ACTIVITY: Your reply should reproduce all the data below exactly while excluding the pictures.

COLLECTED MATERIAL:
######

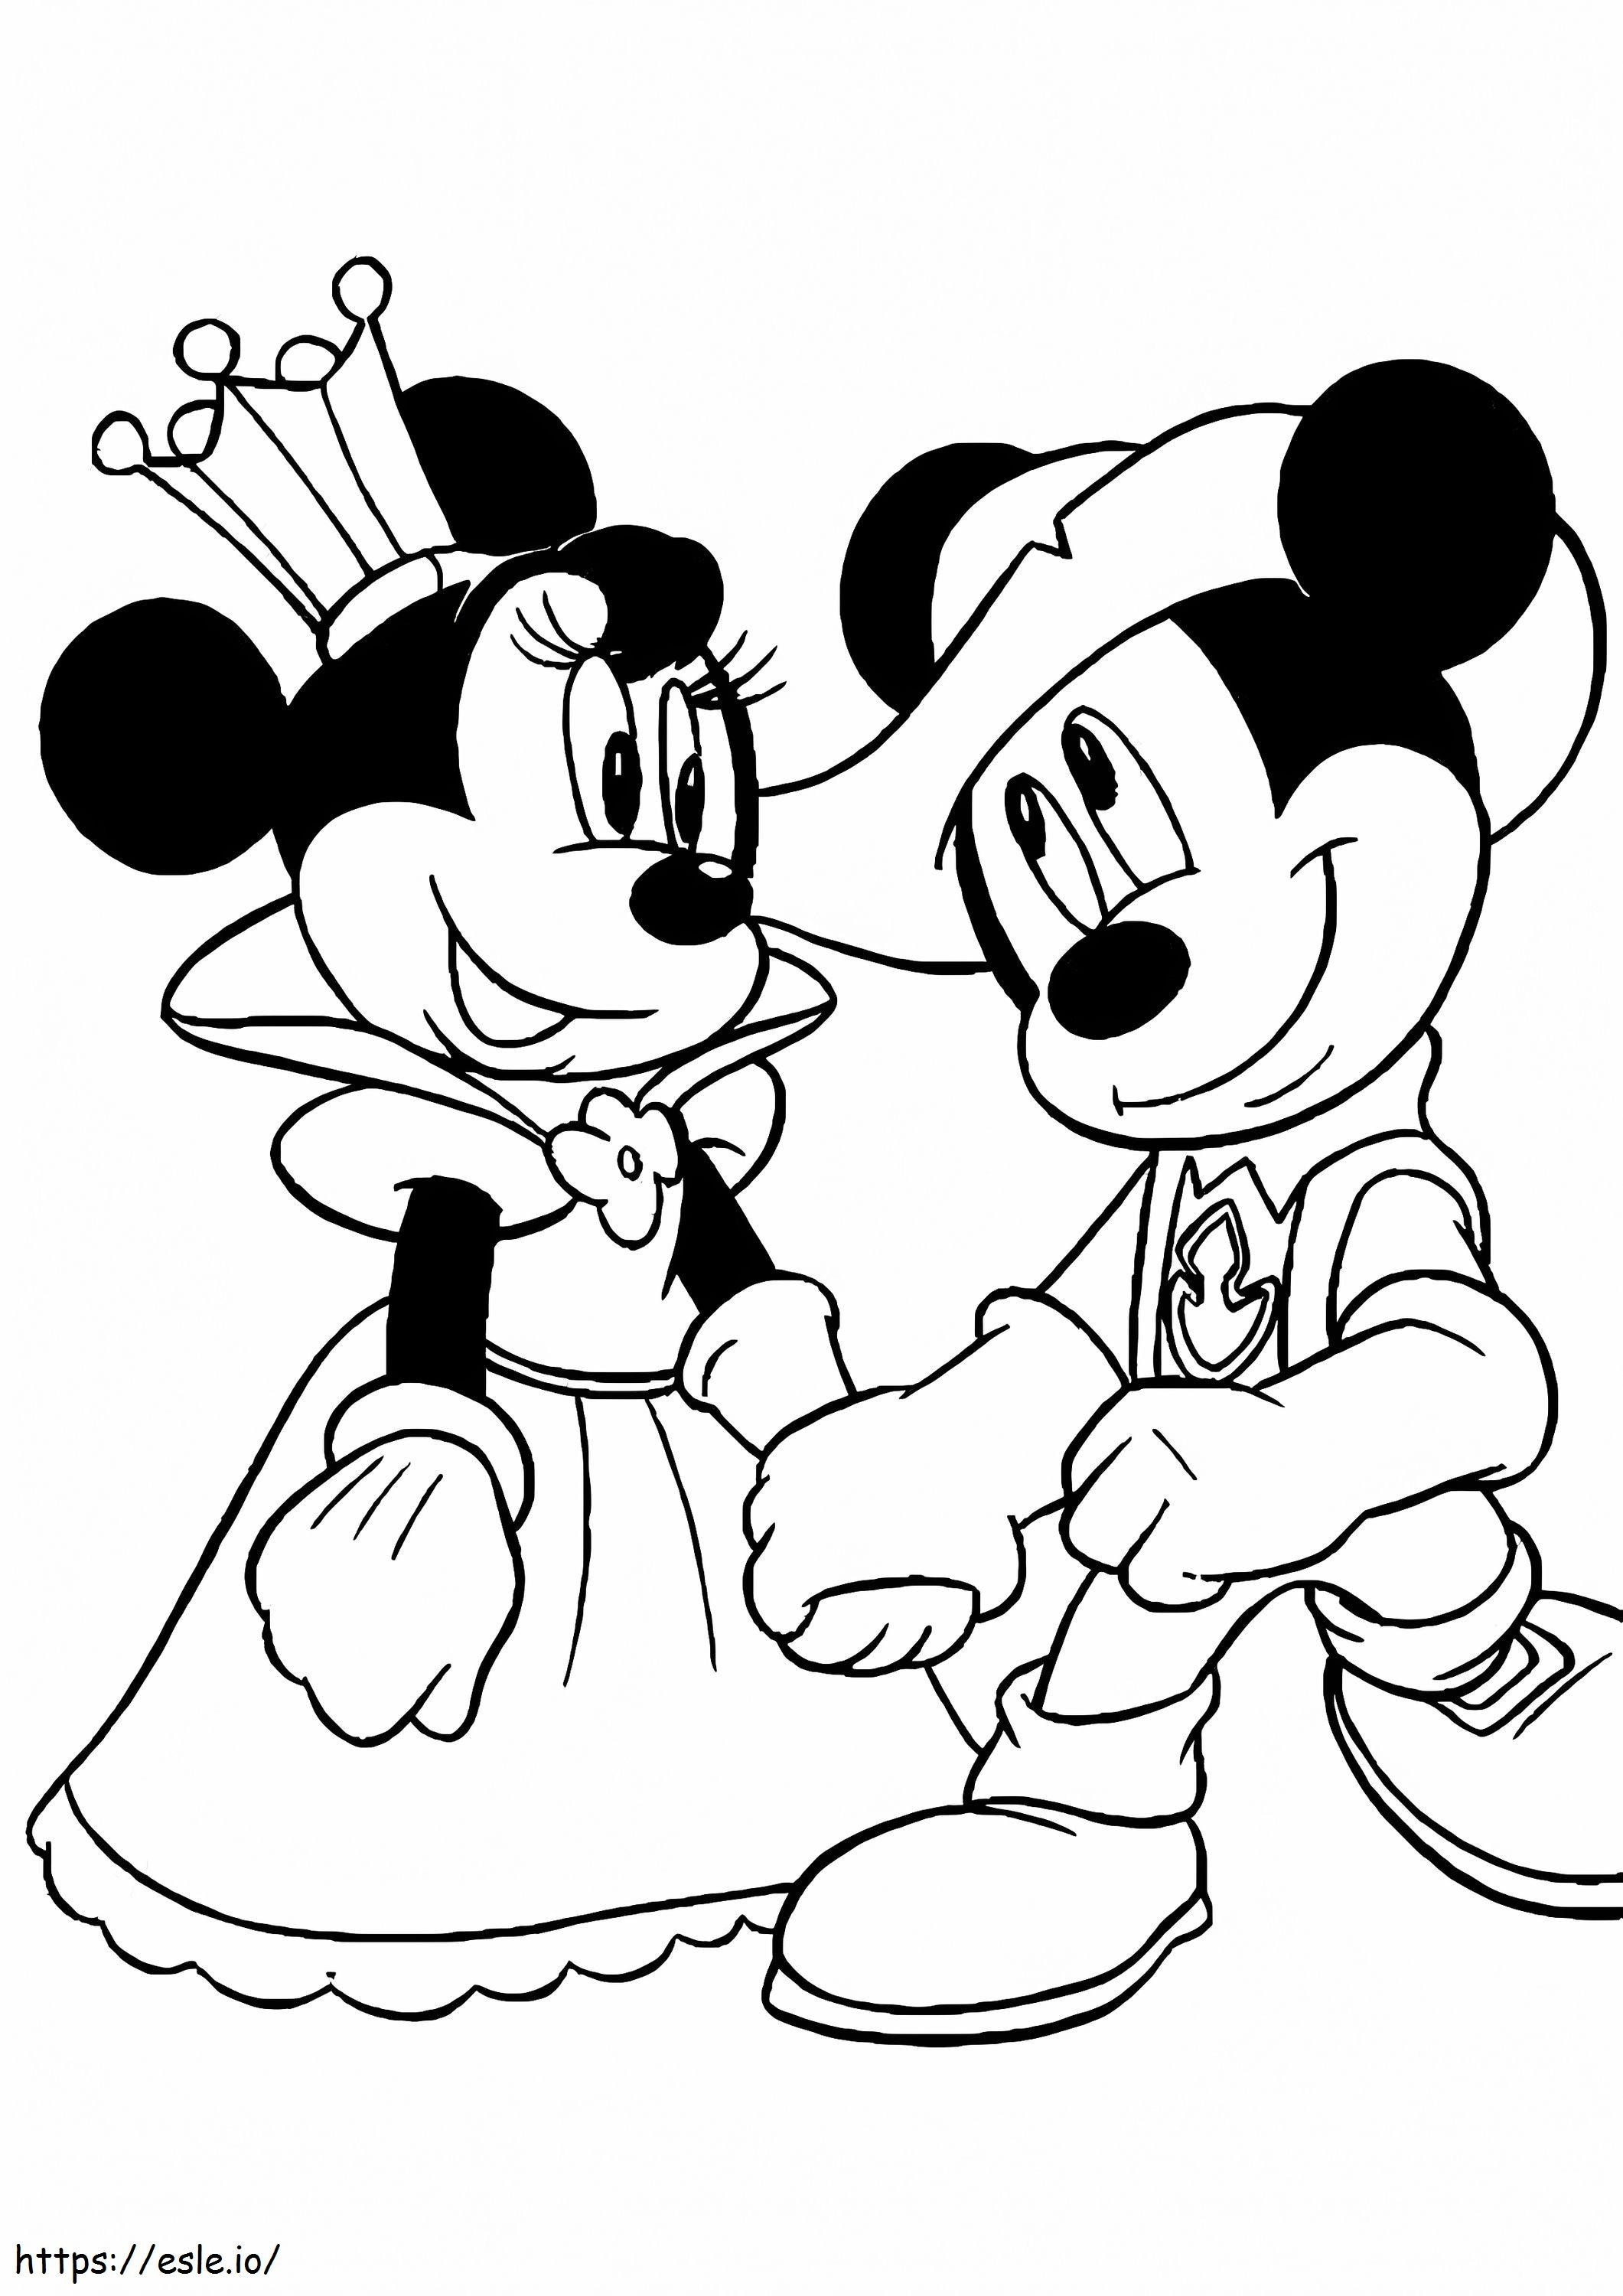 Kraliçe Minnie Fare ve Şövalye Mickey Fare boyama
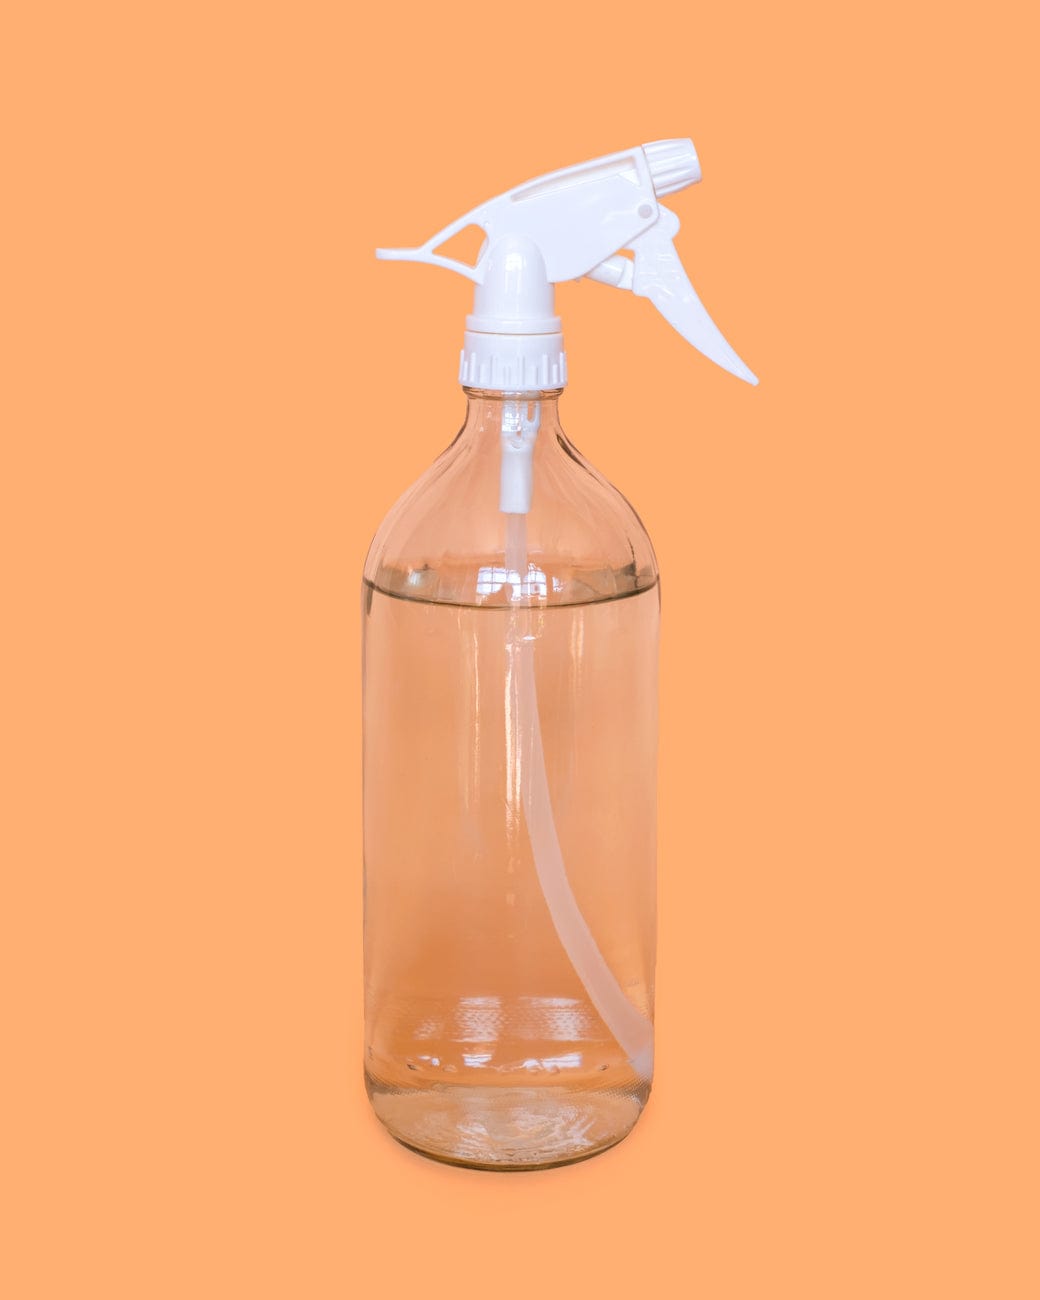 Great Value All Purpose Plastic Spray Bottle, 32 oz.
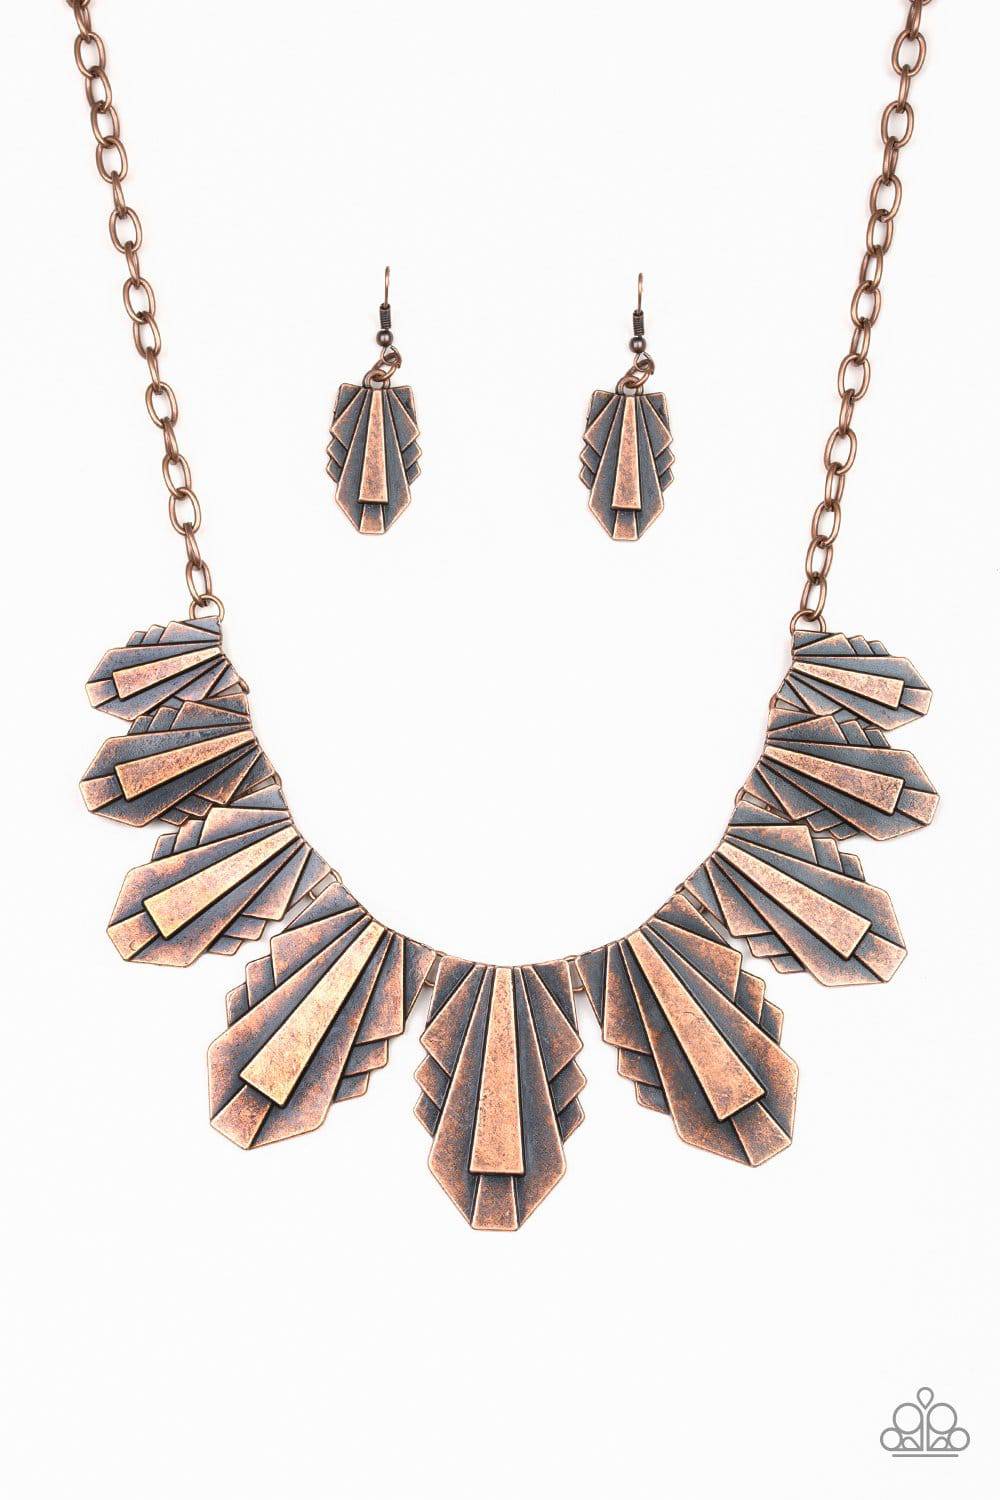 Cougar Cave - Copper Necklace - Paparazzi Accessories - GlaMarous Titi Jewels
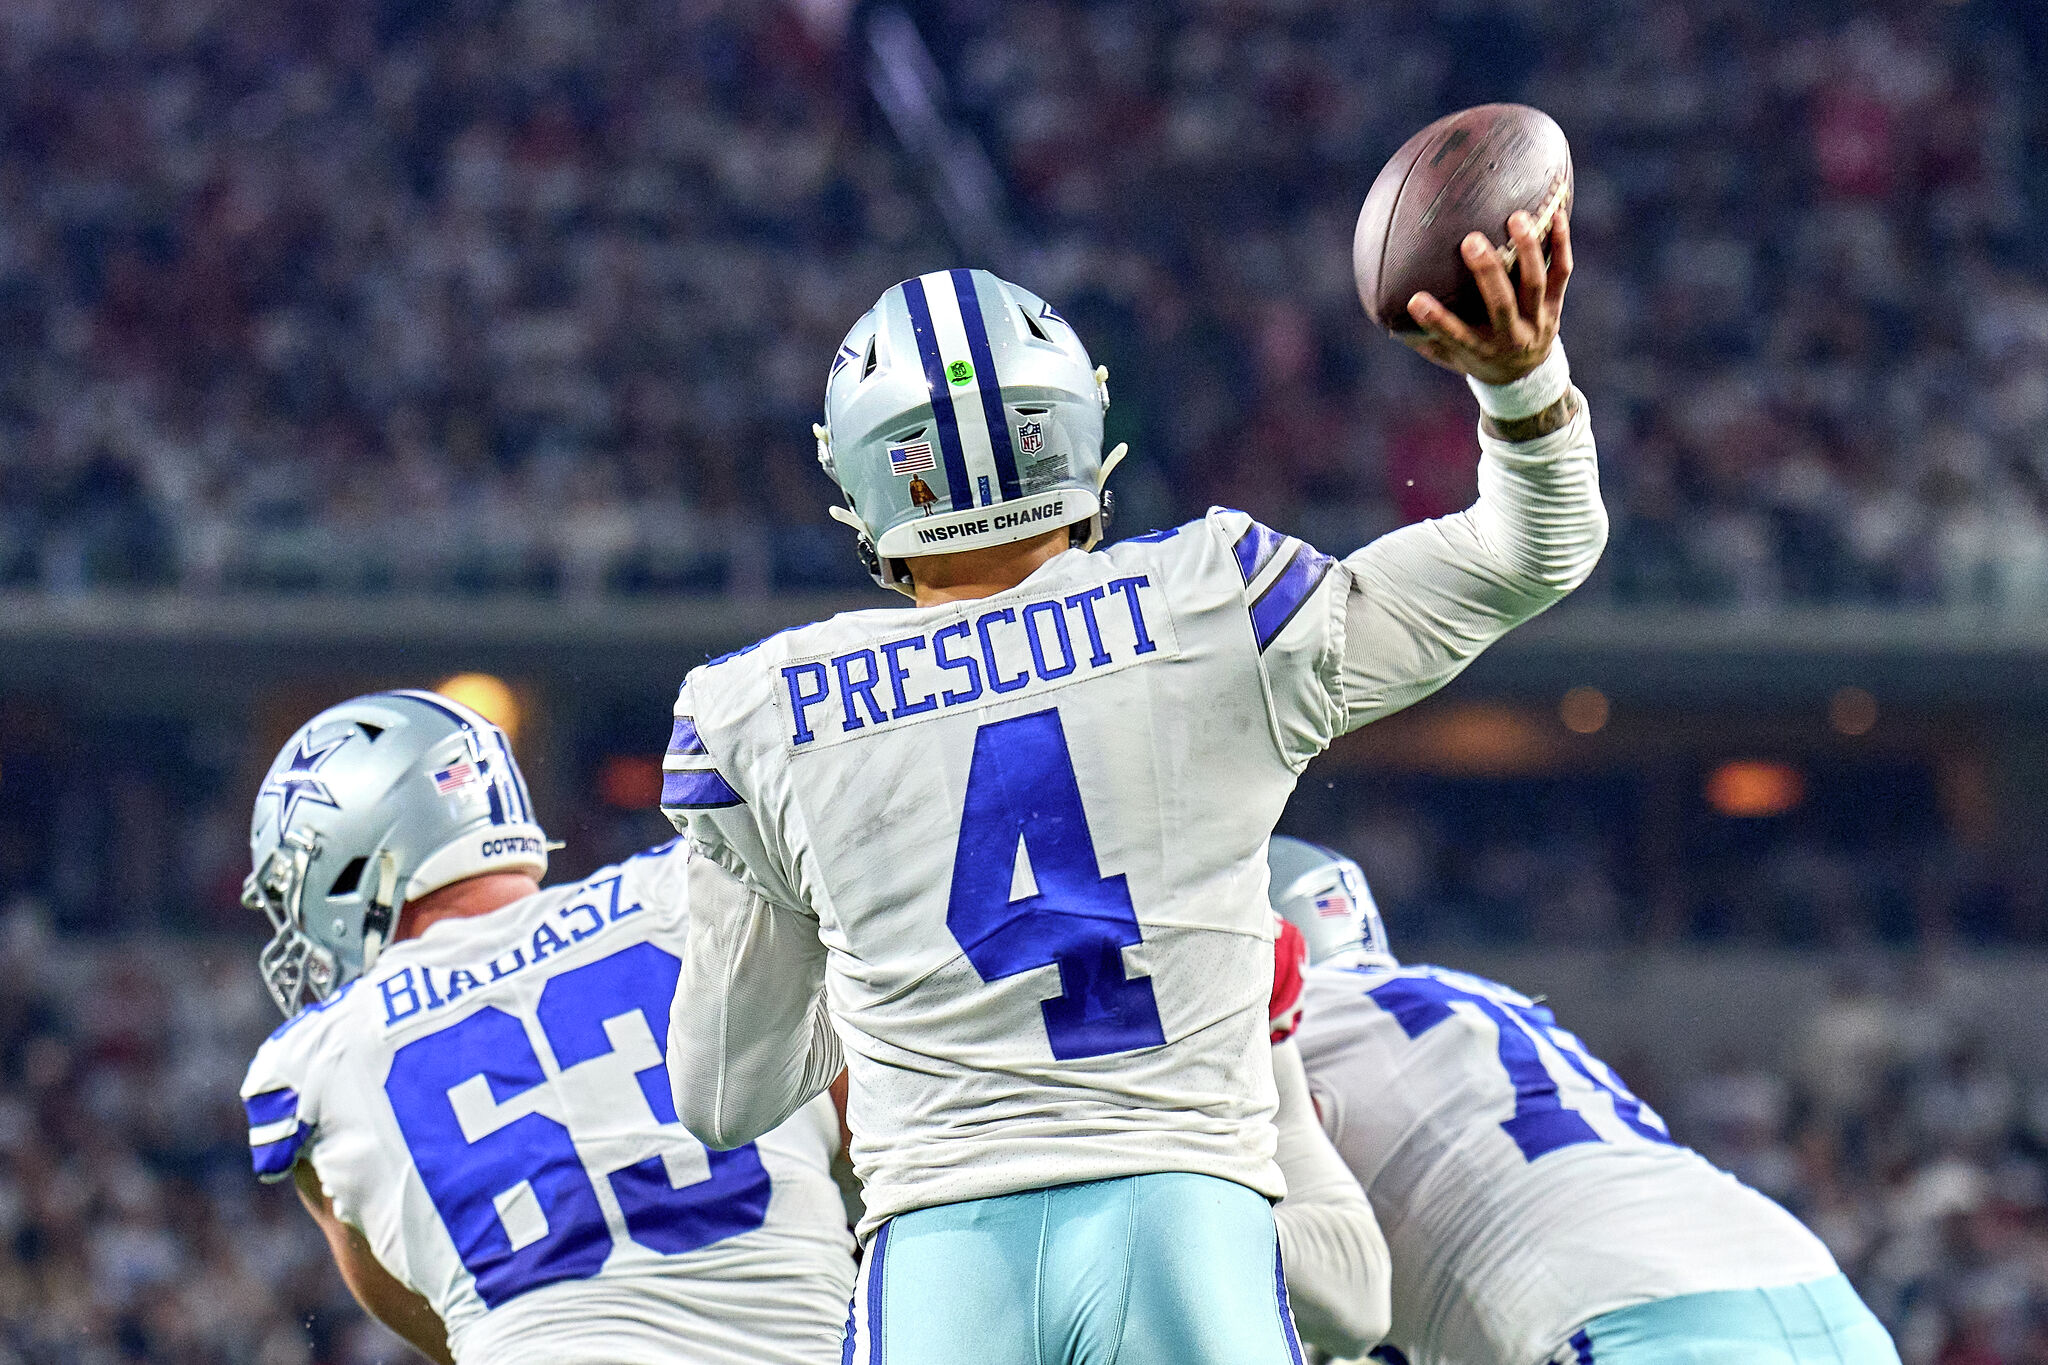 NFL Draft preview: Dallas Cowboys' draft picks, potential

######

SOLUTION TO THE EXERCISE:
 Kraliçe Minnie Fare ve Şövalye Mickey Fare boyama
 Great Value All Purpose Plastic Spray Bottle, 32 oz.
 Cougar Cave - Copper Necklace - Paparazzi Accessories - GlaMarous Titi Jewels
 NFL Draft preview: Dallas Cowboys' draft picks, potential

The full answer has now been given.